The falling cadences at the end of the piece, wonderfully expressive in the musical rendering, seem to tell a whole story of the glories that were, and are no more. To hear a song like this is almost to read a whole book that tells the tale of a mighty movement throbbing with life and aspiration.

And yet, despite its many virtues, despite its wonderful qualities of beauty, and simplicity, and depth, and truthfulness, Russian music has met with tragic fate on the road of its artistic development. Russian composers, like Russian men of letters, are compelled to wait a long time for their well-deserved triumph, both in Russia and outside of their native land. And sometimes recognition does not come until long after their death. While some European composers of fashionable music conquer the whole world with their productions almost before the ink on their manuscript is dry, Moussorgsky, Rimsky-Korsakov, Borodin, and even the father of Russian music, the great Glinka, waited many years for the appreciation which they so richly merited.

This may perhaps be explained by the fact that Russian creators of music are not possessed of commercial ability.

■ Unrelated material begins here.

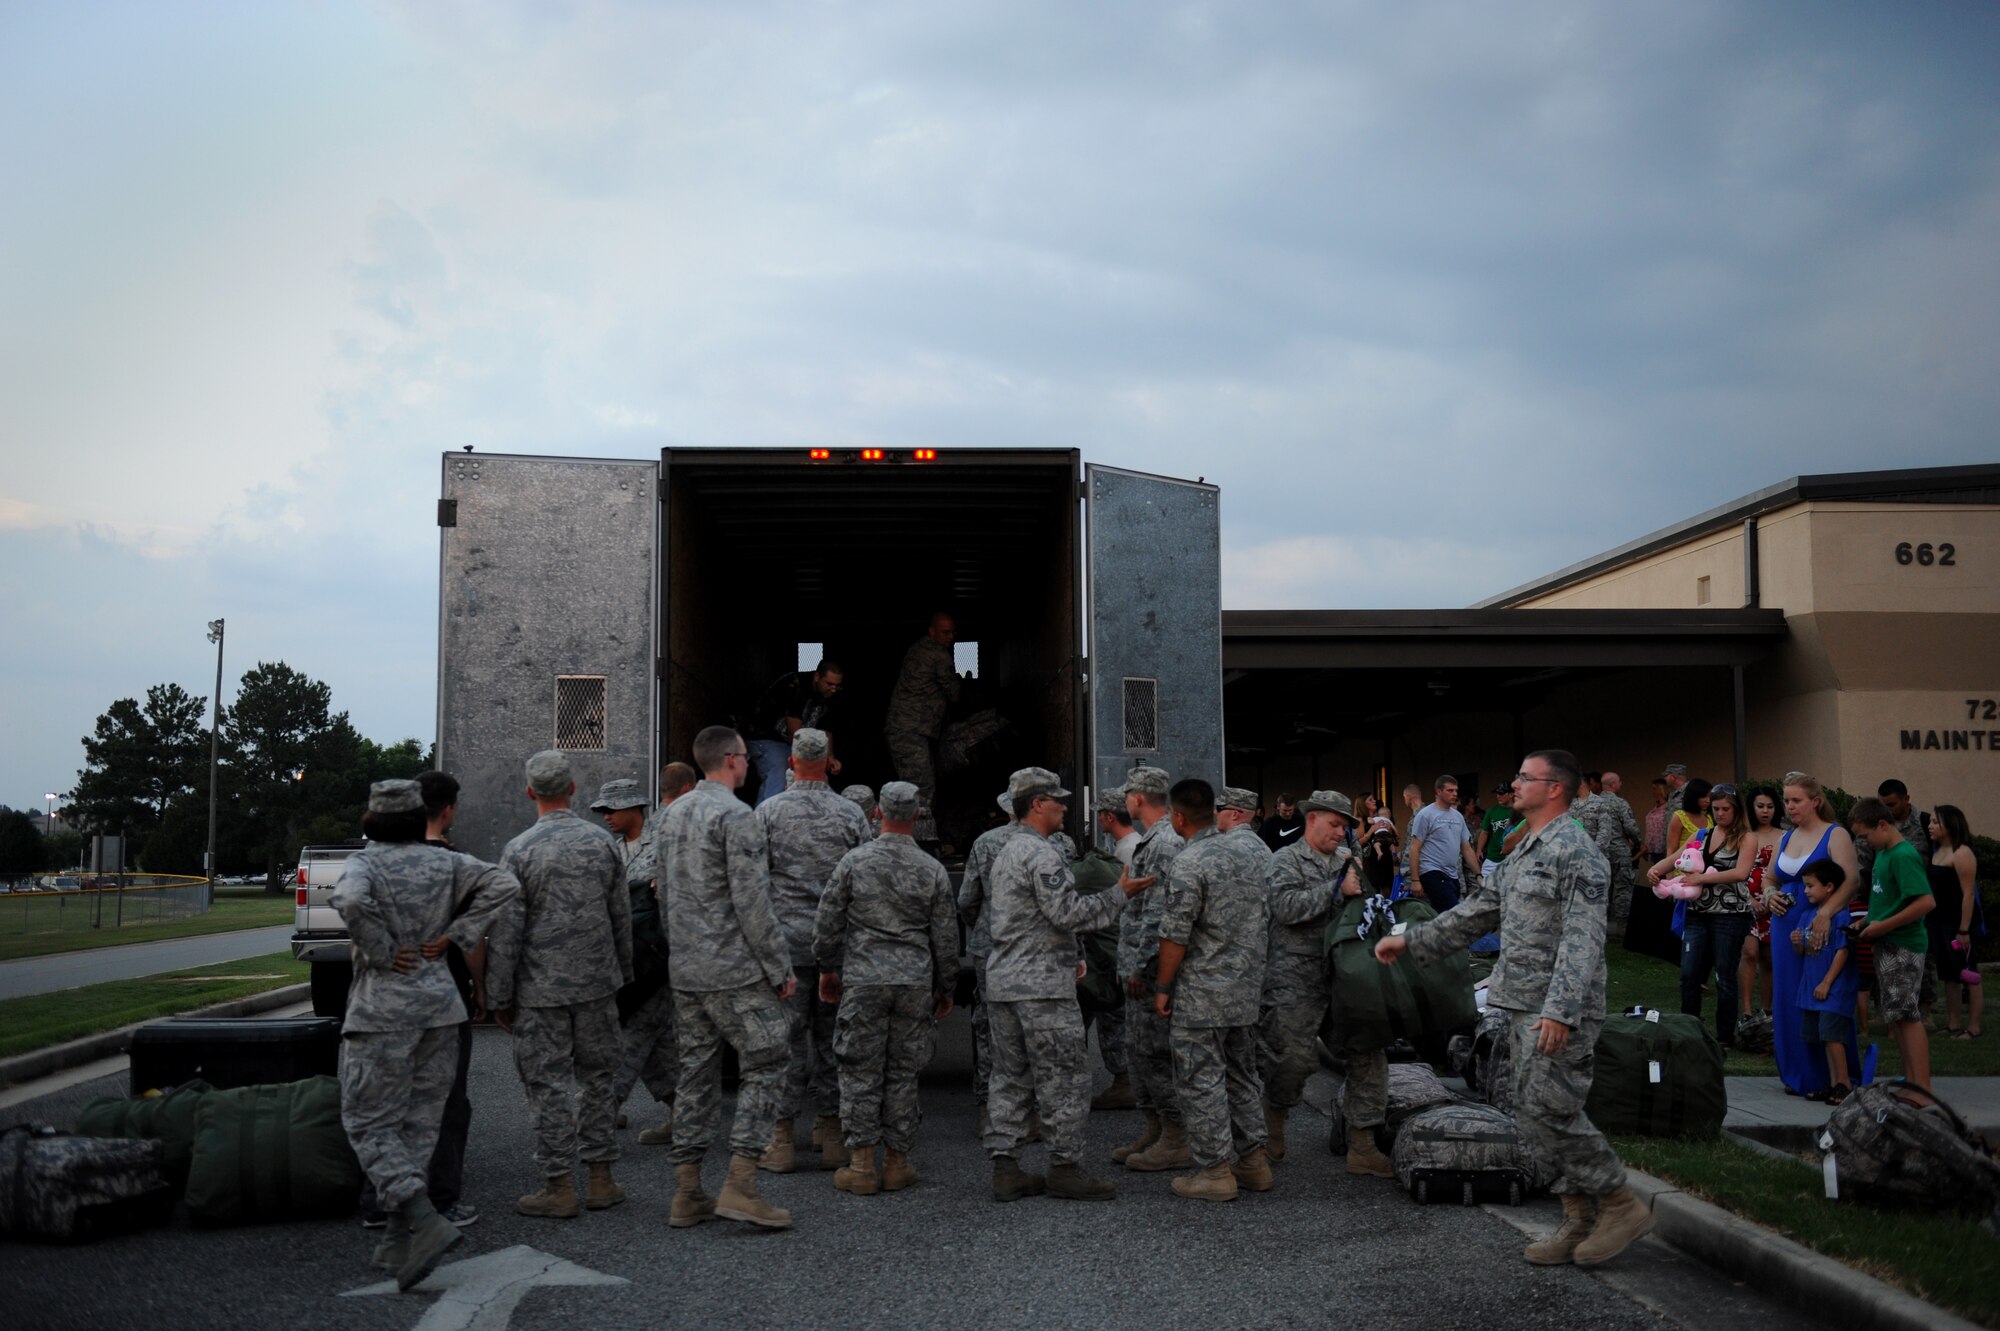 MOODY AIR FORCE BASE, Ga. -- Airmen unload luggage off of a truck here June 16. Deployed Airmen take approximately three to four bags of clothes and equipment with them to perform their mission in a deployed location. (U.S. Air Force photo by Staff Sgt. Gina Chiaverotti-Paige/RELEASED)

A Russian composer, with few exceptions, will never dream of selling his opera before it is written. He is not looking for managers, and "orders" and royalties. He begins to create when he feels the impulse to do so, when his feelings and his thoughts blend together and clamor for expression. The possibilities of marketing his work seldom occur to him.

And during the process of creating, the composer literally forgets about himself and pays no heed to the things around him. Even when his work is done he is still in no hurry to offer it for sale. It is as if he were sorry to part with the product of his soul.

It is for this reason, perhaps, that so many composers in Russia die prematurely, long before their genius receives due recognition. Wasily Kalinnikov, in almost any one of whose short songs there is more feeling and genius than in many an opera popular to-day, died very young. Starvation, neglect, excessive labor,—these sum up the tale of his brief life. He died before a single one of his compositions was published, without hearing one of them played in public. It was only after his death that they were performed, with signal success.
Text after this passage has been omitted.